Yo si voy a ir a votar el domingo. Lo haré porque, viviendo en democracia, es imperativo aprovechar todas y cada una de las oportunidades que se nos dan para hacer oír nuestra voz. Lo haré porque creo que, ejerciendo mi derecho, legitimo mi derecho a intervenir, al elogio y a la crítica. Lo haré porque, para mí, un día de elecciones es un día de fiesta y quiero participar de ella. Y votaré porque tengo ideas o ideales.
Pero, aparte de todas estas razones, me gustaría poder hacerlo porque me han convencido, más que una ideología indefinida, las propuestas concretas de un programa. Porque creo en la naturaleza de las instituciones que voy a ayudar a configurar. O porque el mandato que traslado con mi voto será útil y podrá ser vigilado.
Estoy seguro de que muchos de los candidatos se han dedicado a trasladar mensajes dirigidos a convencer a los votantes en todos estos aspectos.
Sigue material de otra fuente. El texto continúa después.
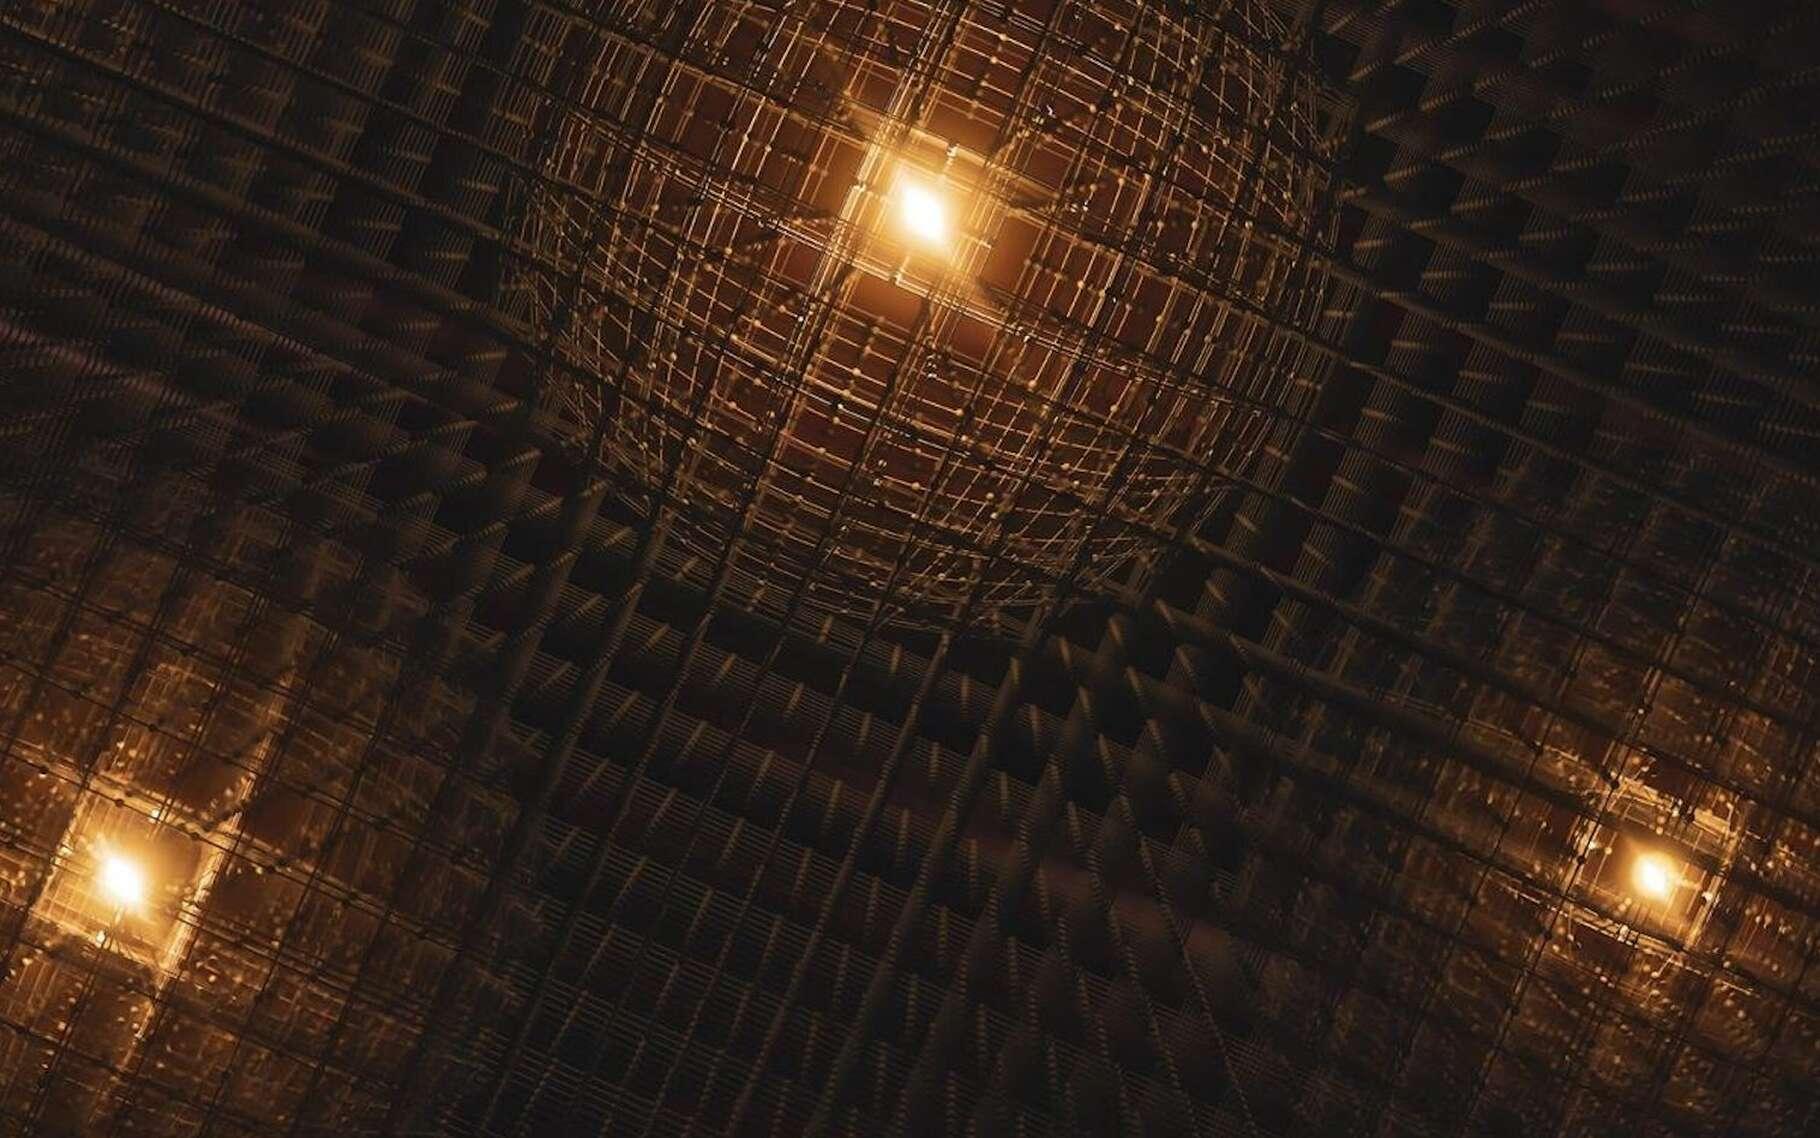 Cette illustration montre des polarons — des distorsions fugaces dans le réseau atomique d'un matériau — tels que ceux observés par des chercheurs du Laboratoire national de l'accélérateur SLAC (États-Unis) dans une pérovskite hybride au plomb. © Greg Stewart, Laboratoire national de l'accélérateur SLAC

Pero, lamentablemente, no estoy tan seguro de que hayan llegado.
Audiencias mediocres en los debates de televisión, mítines de pequeñas dimensiones en los que todos los asistentes ya están convencidos, extrañas coaliciones de partidos con tantas discrepancias como intereses comunes, y, en definitiva, una legislatura más tarde, desconocimiento general y profundo de lo que se hace y para lo que sirven las instituciones europeas.
A preguntas comunes como ¿qué tenemos en común los españoles y los checos? o, si es tan importante el Parlamento Europeo, ¿por qué nunca sale en los informativos?, nos han respondido con aviones militares, gripe A y caso Gürtel.